- Timtig Location in Morocco
- Coordinates: 30°16′48″N 5°43′48″W﻿ / ﻿30.28000°N 5.73000°W
- Country: Morocco
- Region: Drâa-Tafilalet
- Province: Zagora

Population (2014)
- • Total: 2,560
- Time zone: UTC+0 (WET)
- • Summer (DST): UTC+1 (WEST)

= Timtig =

Timtig (تمتيك) is a historical village in southeast Morocco which is part of the rural commune of Tamegroute. Its territory is located on the left bank of Oued Draa, 12 km west of the town of Zagora and 7 km east of Tamegroute.

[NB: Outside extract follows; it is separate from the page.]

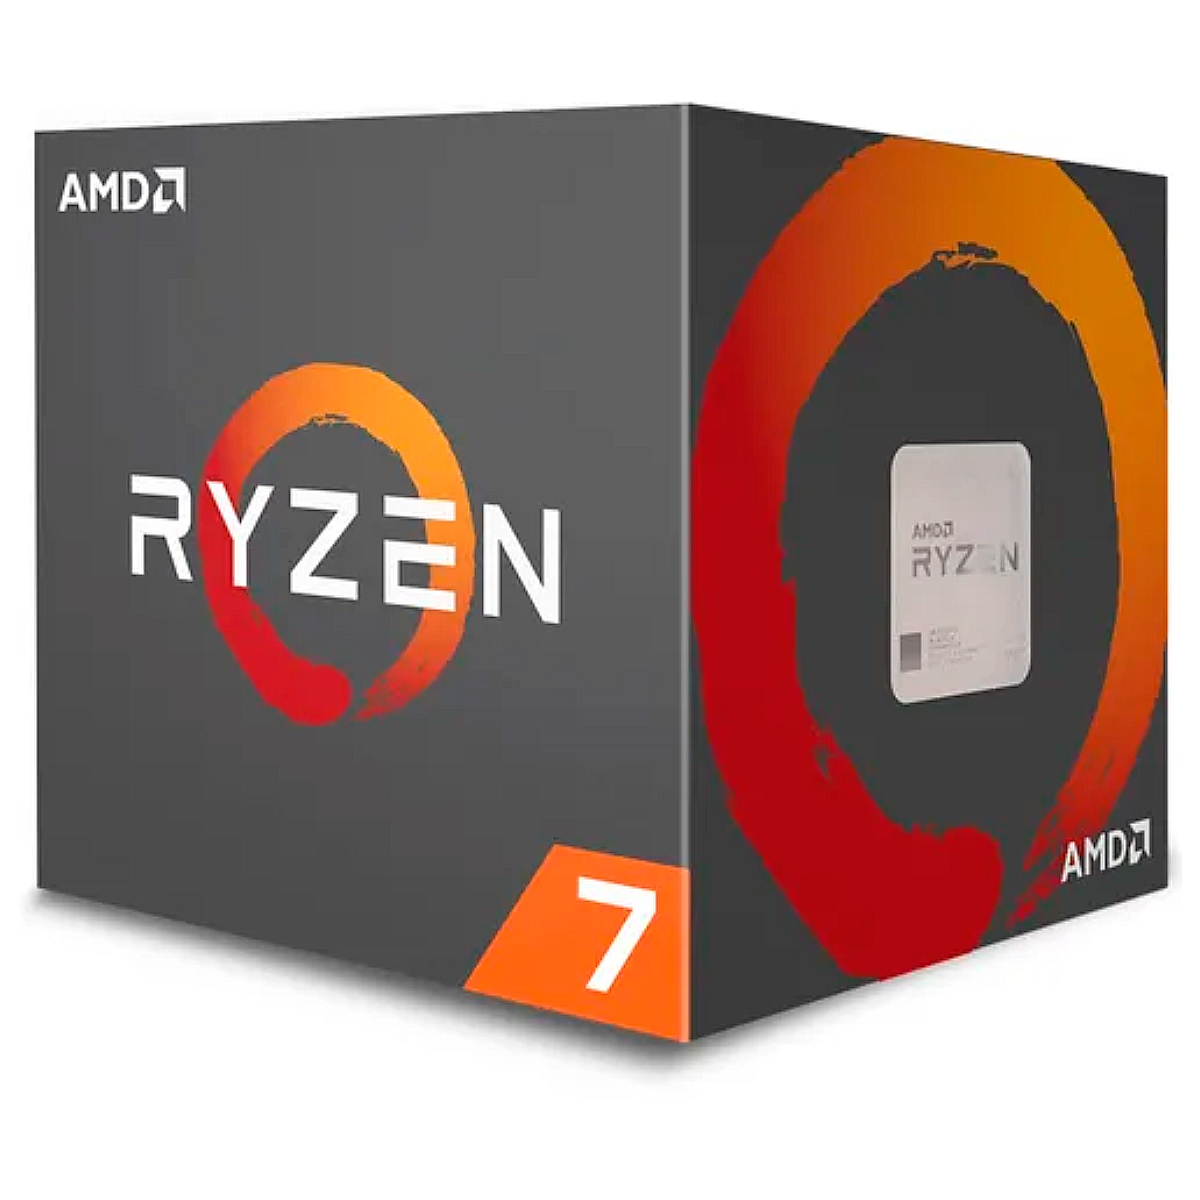 AMD Ryzen™ 7 2700X Octa Core - 16 Threads - 3.7GHz (Turbo 4.35GHz) - Cache 20MB - AM4 - TDP 105W - Wraith Prism RGB Cooler - YD270XBGAFBOX - sem gráfico integrado
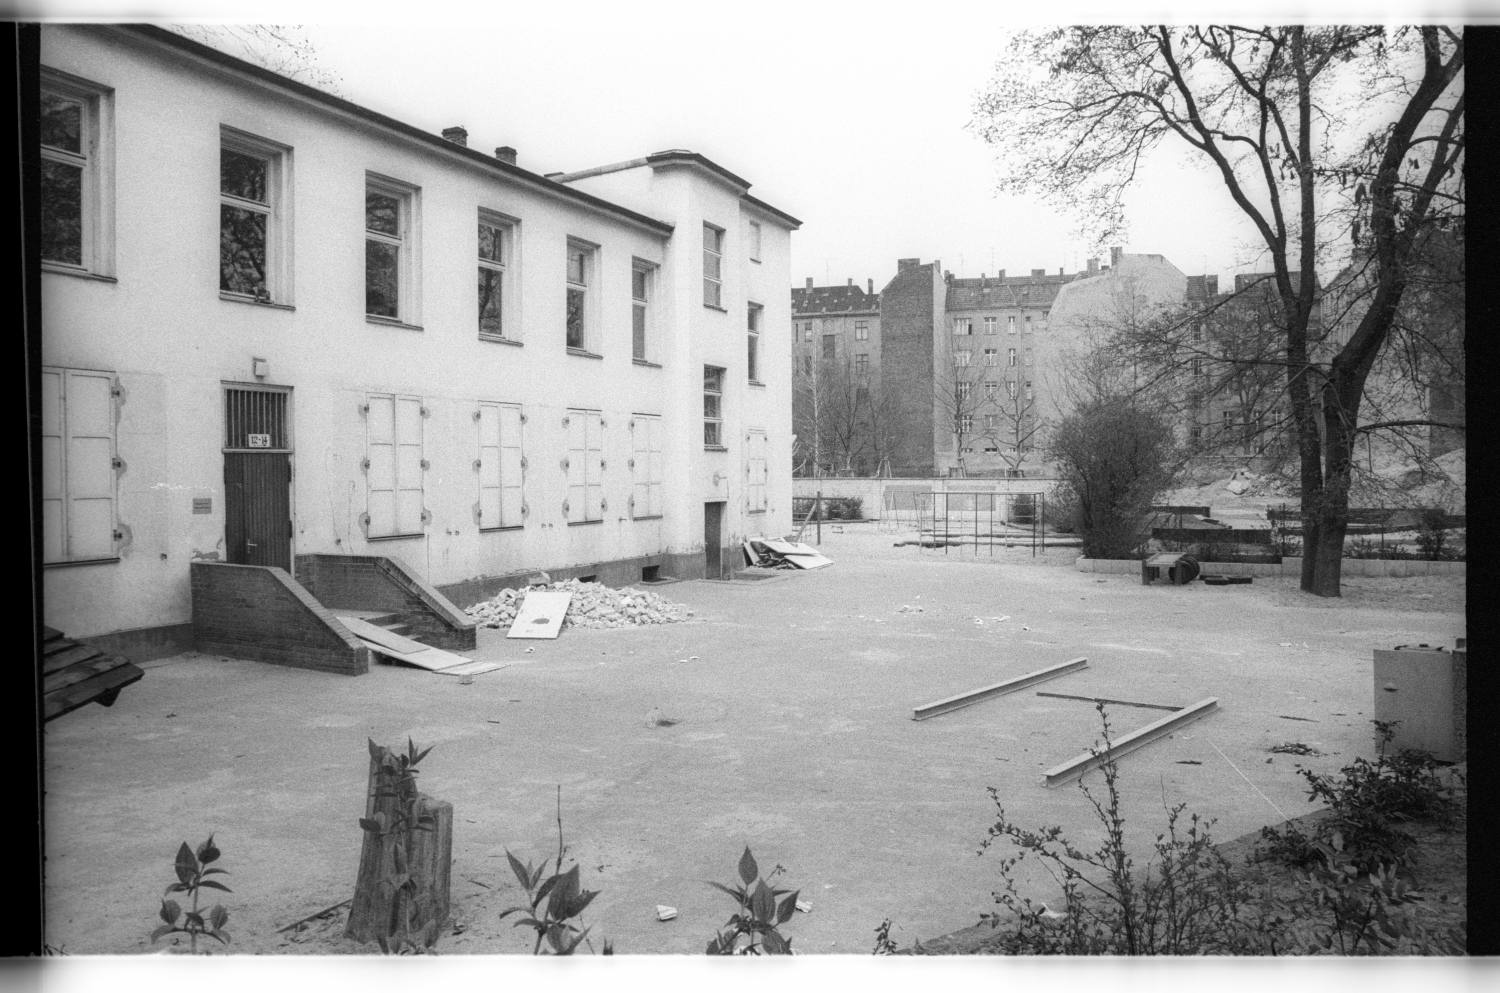 Kleinbildnegative: Baustelle, Freizeitgelände, Belziger Straße, 1979 (Museen Tempelhof-Schöneberg/Jürgen Henschel RR-F)

Timtig is a set of five ksours, listed as architectural heritage of Morocco, Otto Kölbl et al. (2007). The principal being Timtig Lahdab which accounts for more than the half of the population. The others are Louastaniya, Ait Boulkhlat, Ait Beloualid and Ait Moulay Lakbir.

==Climate==
Timtig has a hot desert climate (Koppen classification BWH) typical of the Moroccan desert with long summers, hot and short winters, pleasantly warm. The climate is very dry all year, since the average annual rainfall is about 61 mm. In summer, the heat is extreme and the average temperatures are consistently above 40 °C between late May and mid September. In winter the average maximum temperatures remain above 20 °C but the average minimum temperatures down to about 4 °C overnight. The sky is clear and bright all year and overcast days are very rare.

==Economy==
Oasis agriculture and remittances from migrant workers to big cities and cattle breeding.